• _TASK REQUIREMENTS_: Please write out every line of the material, leaving out any picture.

• _DATASET EXCERPT_:
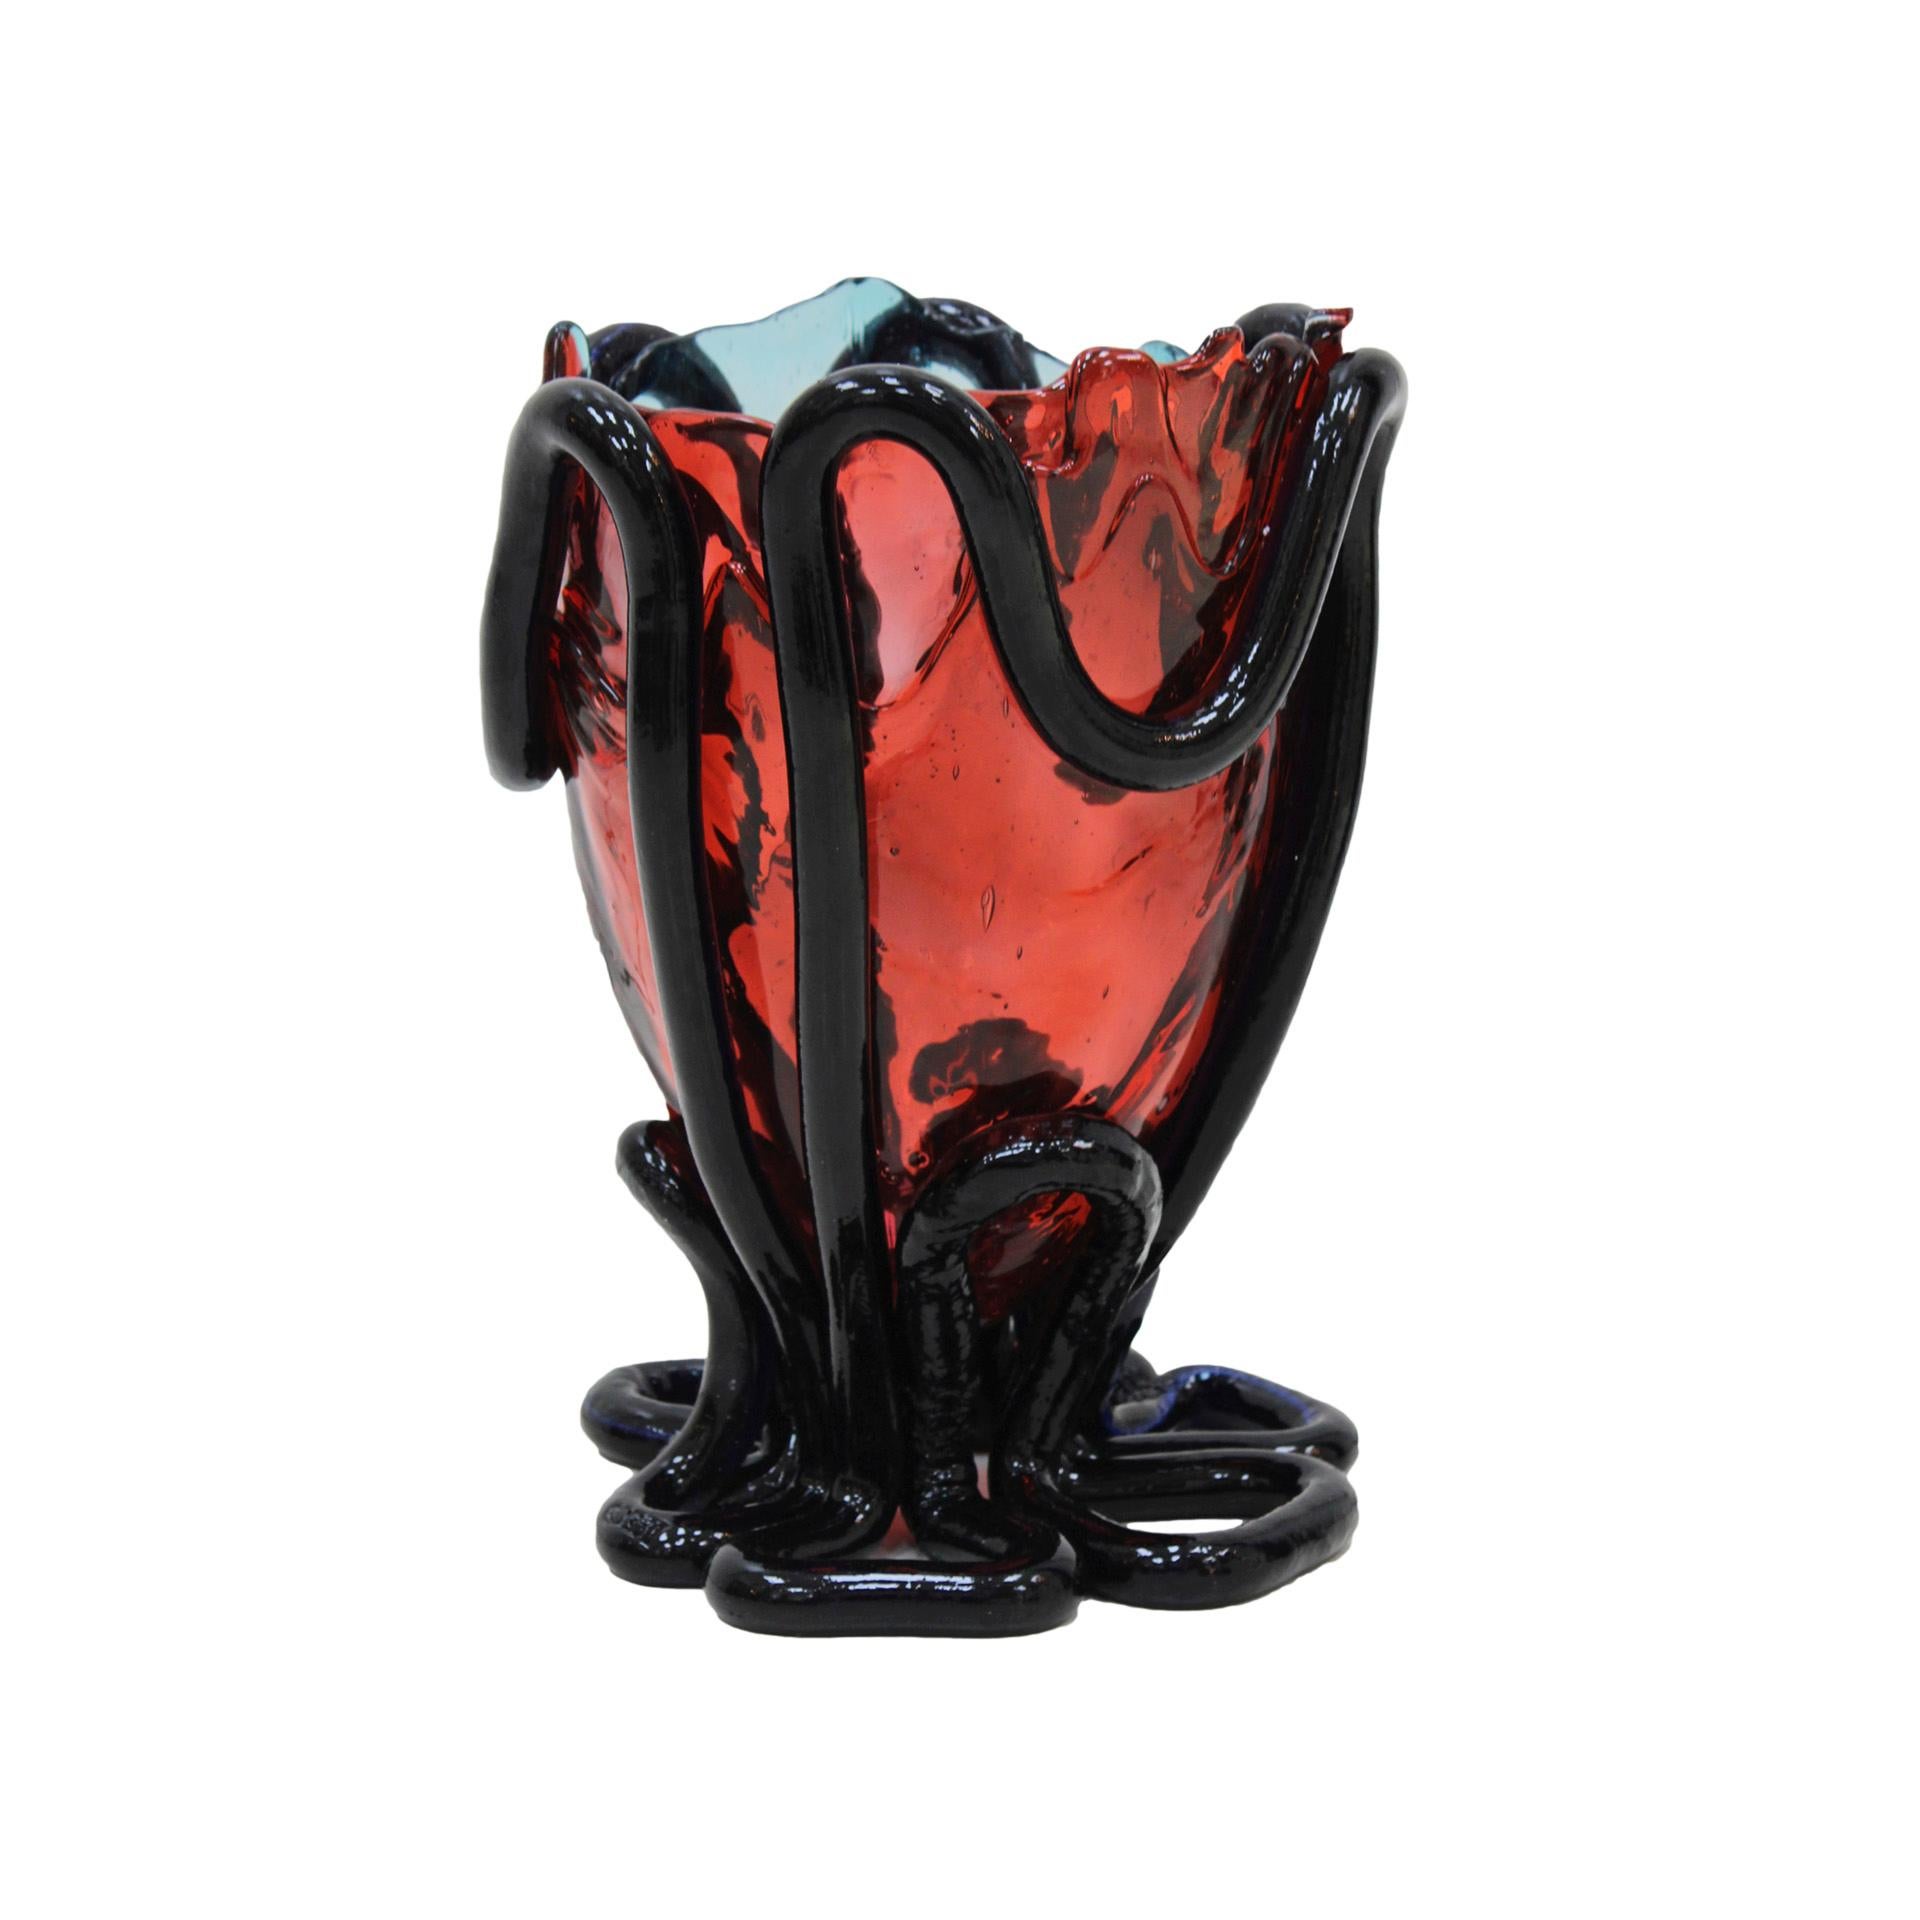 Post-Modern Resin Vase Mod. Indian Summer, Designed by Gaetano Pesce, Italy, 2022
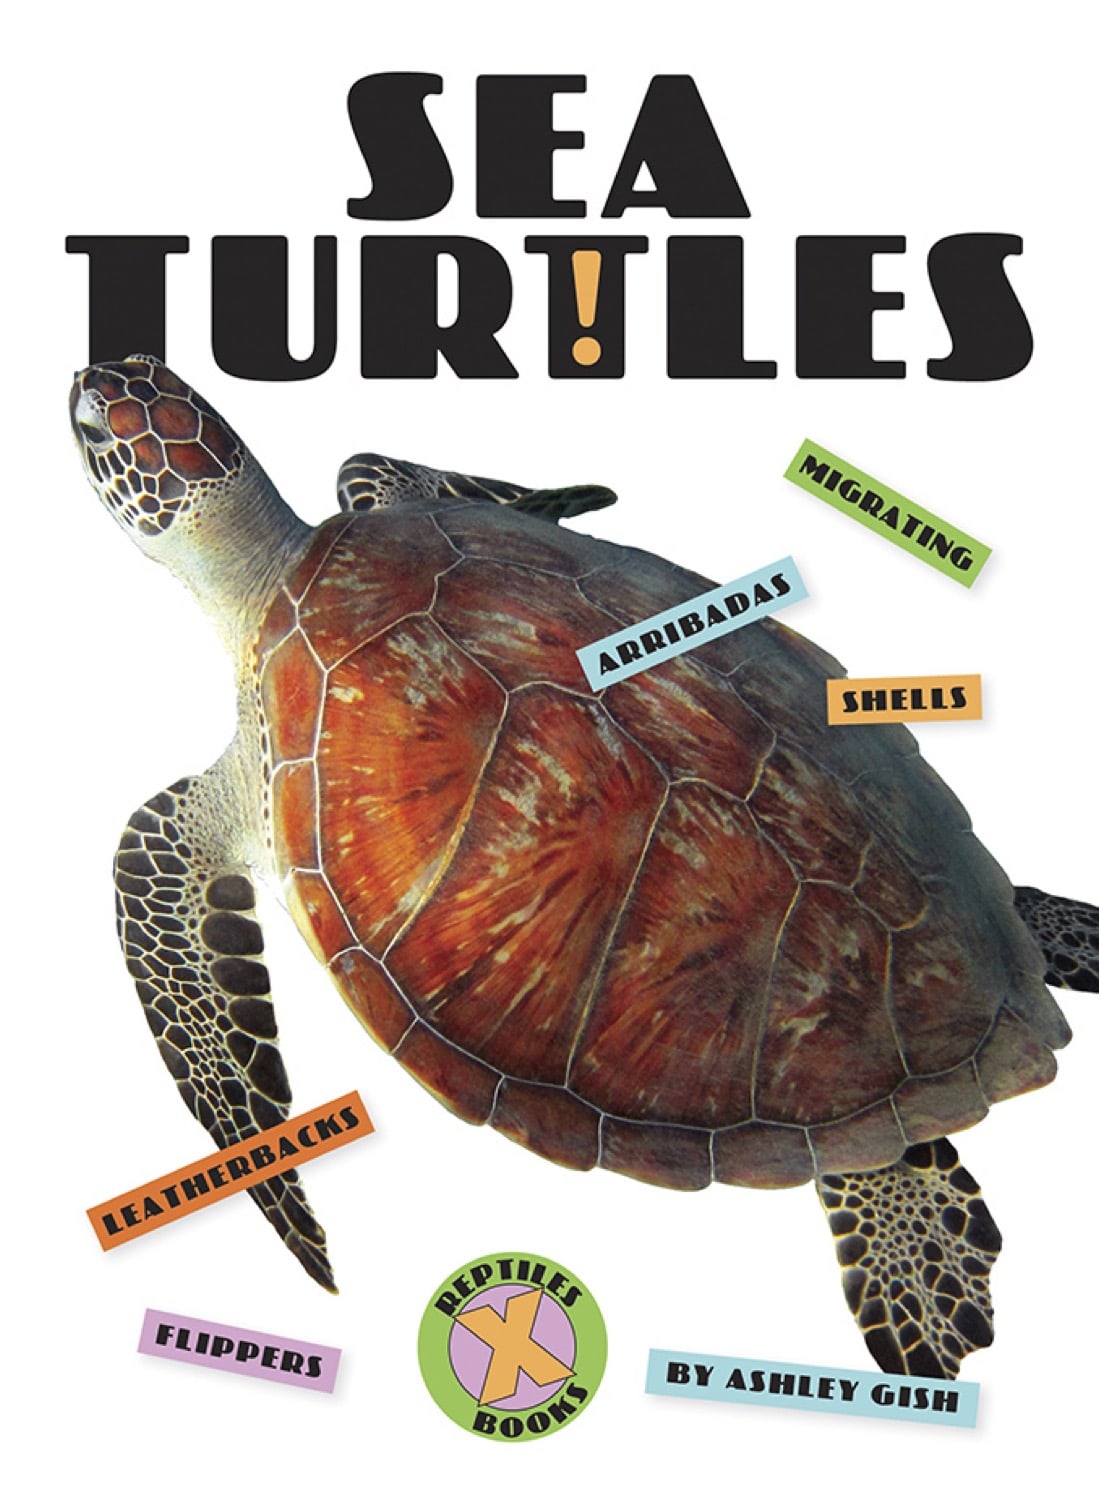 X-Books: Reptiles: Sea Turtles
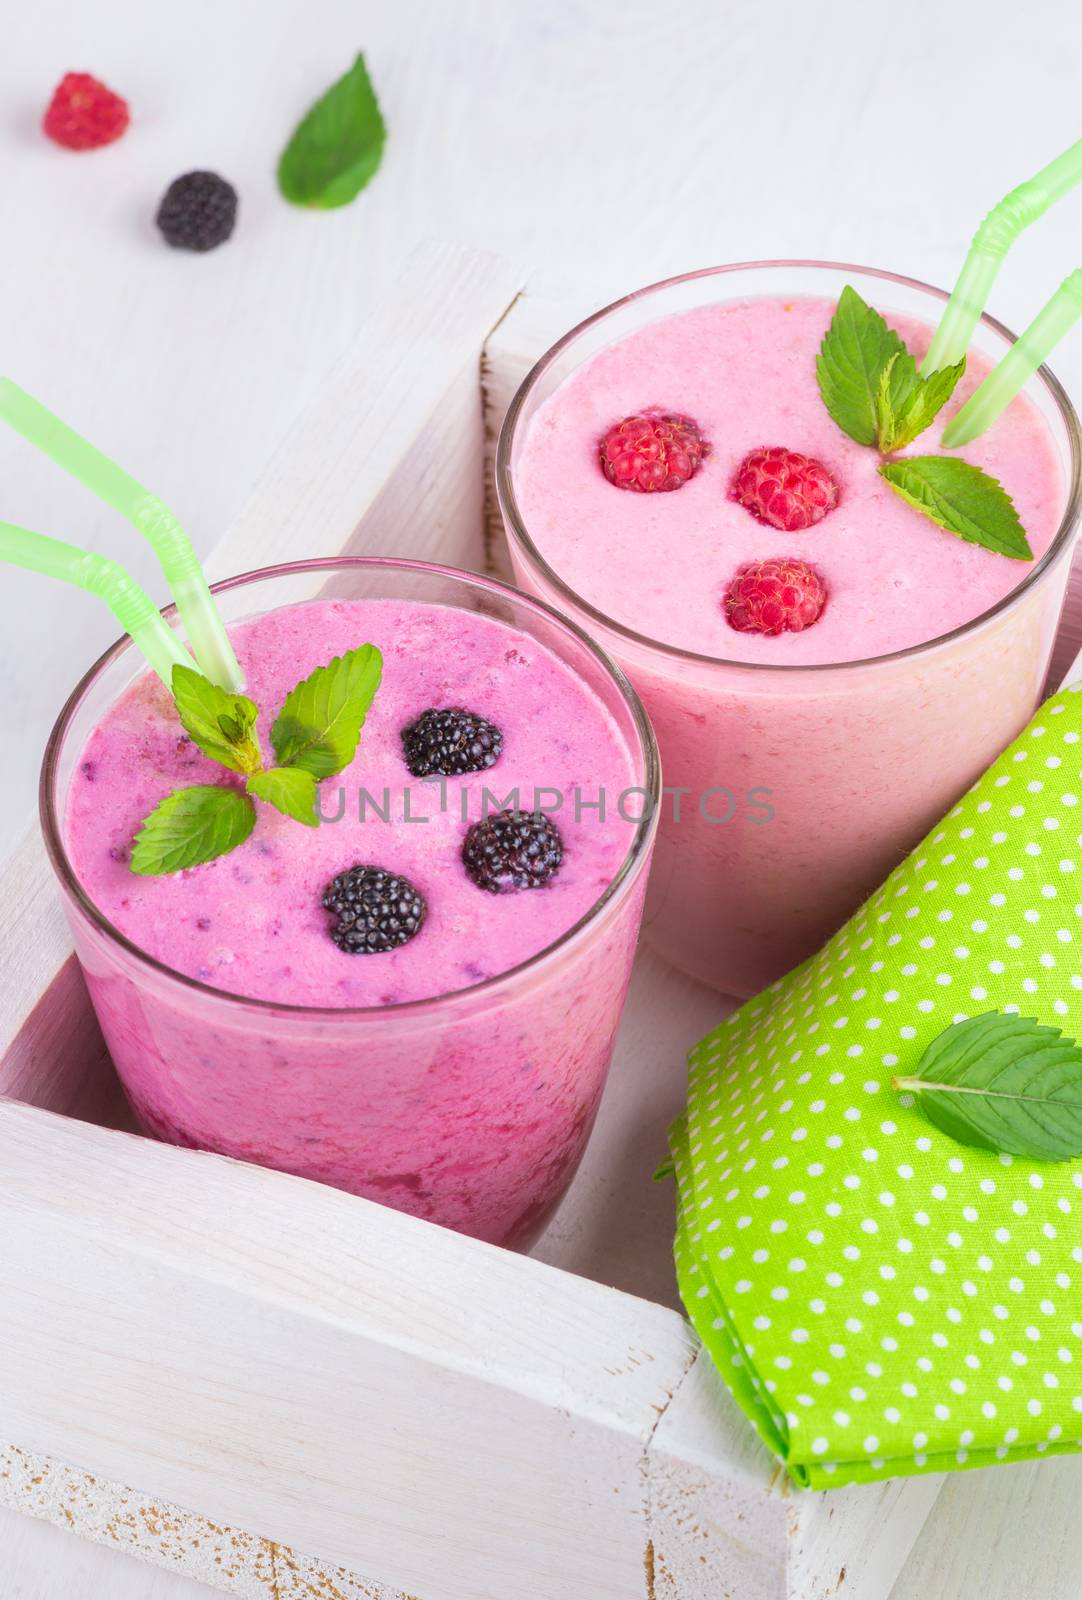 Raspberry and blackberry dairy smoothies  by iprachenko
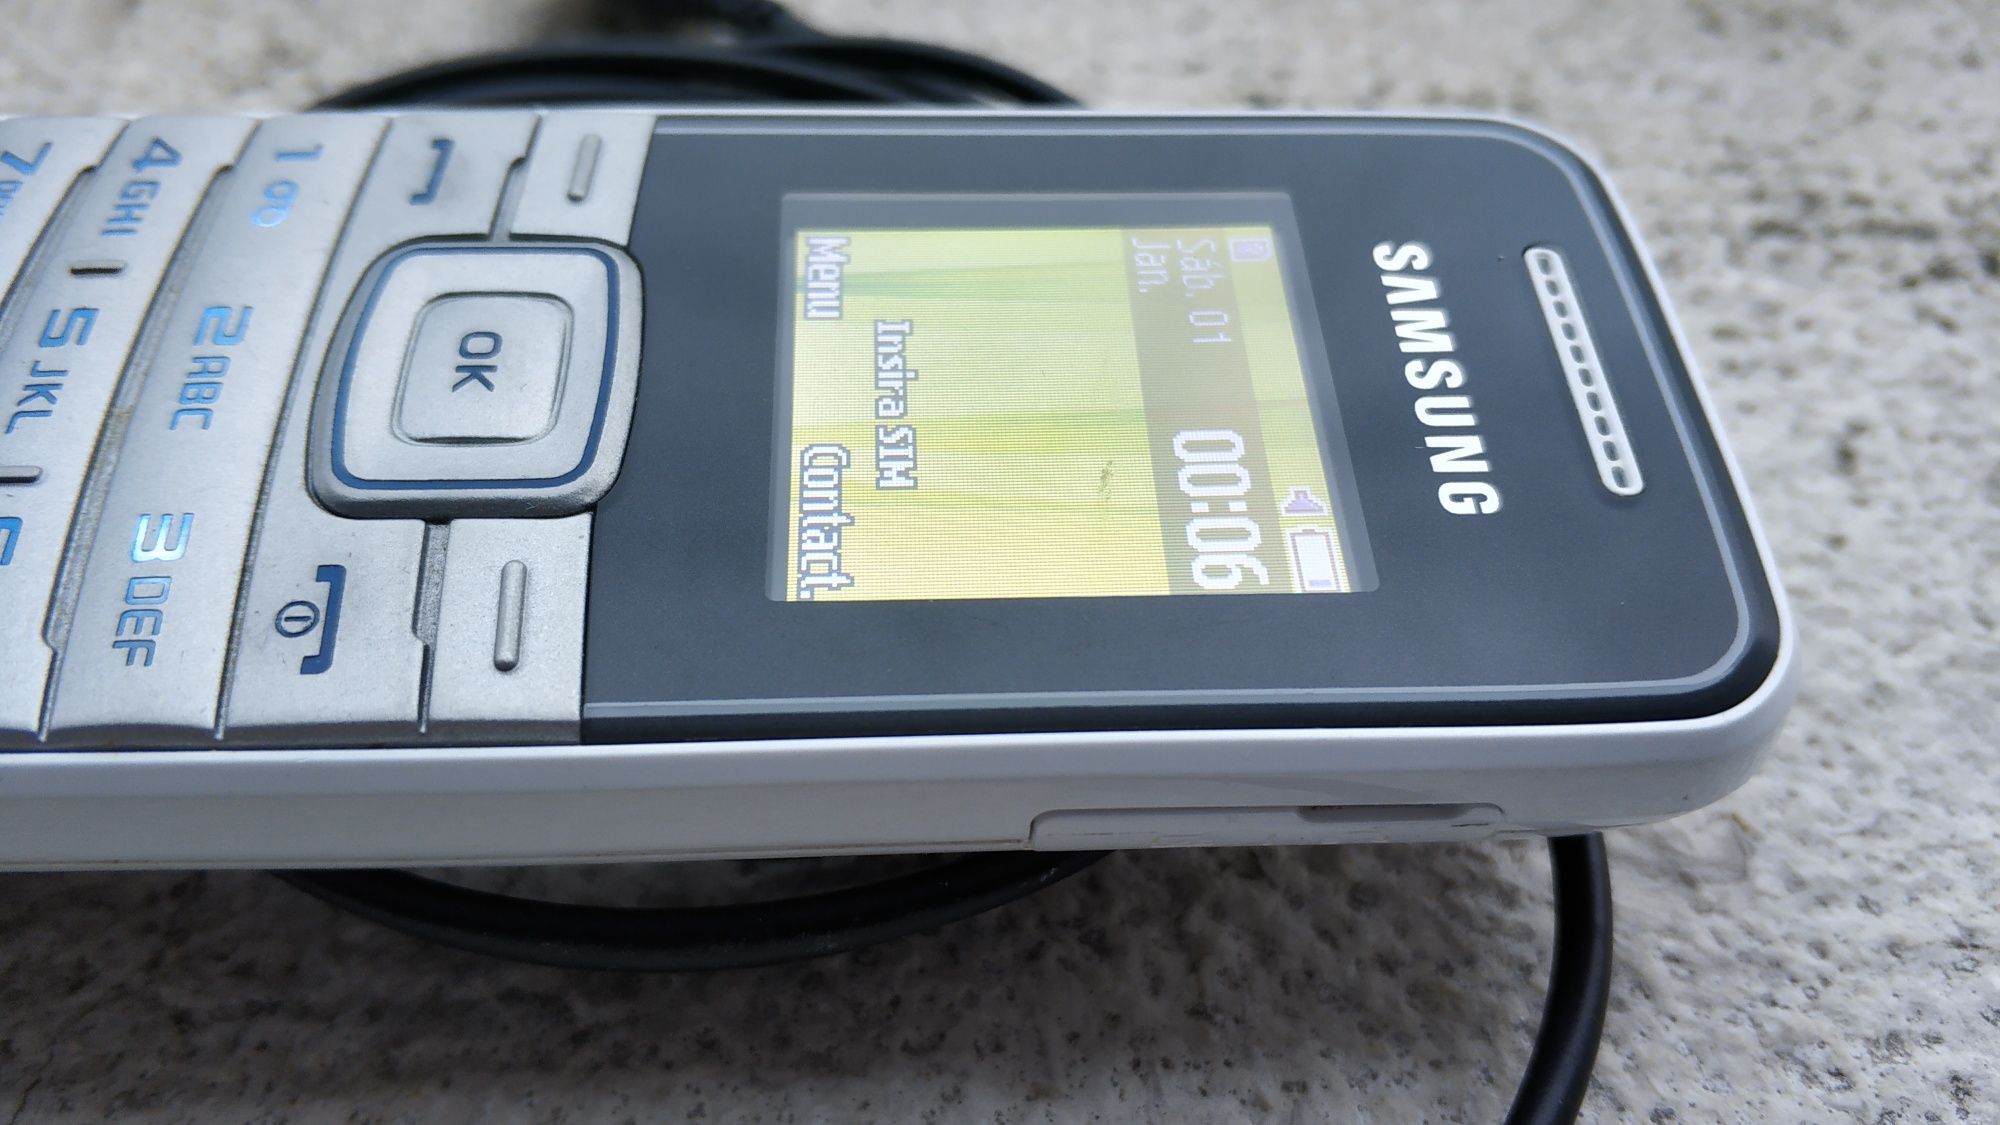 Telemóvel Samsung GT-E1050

• _WRITTEN ANSWER_:
 Post-Modern Resin Vase Mod. Indian Summer, Designed by Gaetano Pesce, Italy, 2022
 X-Books: Reptiles: Sea Turtles
 Raspberry and blackberry dairy smoothies  by iprachenko
 Telemóvel Samsung GT-E1050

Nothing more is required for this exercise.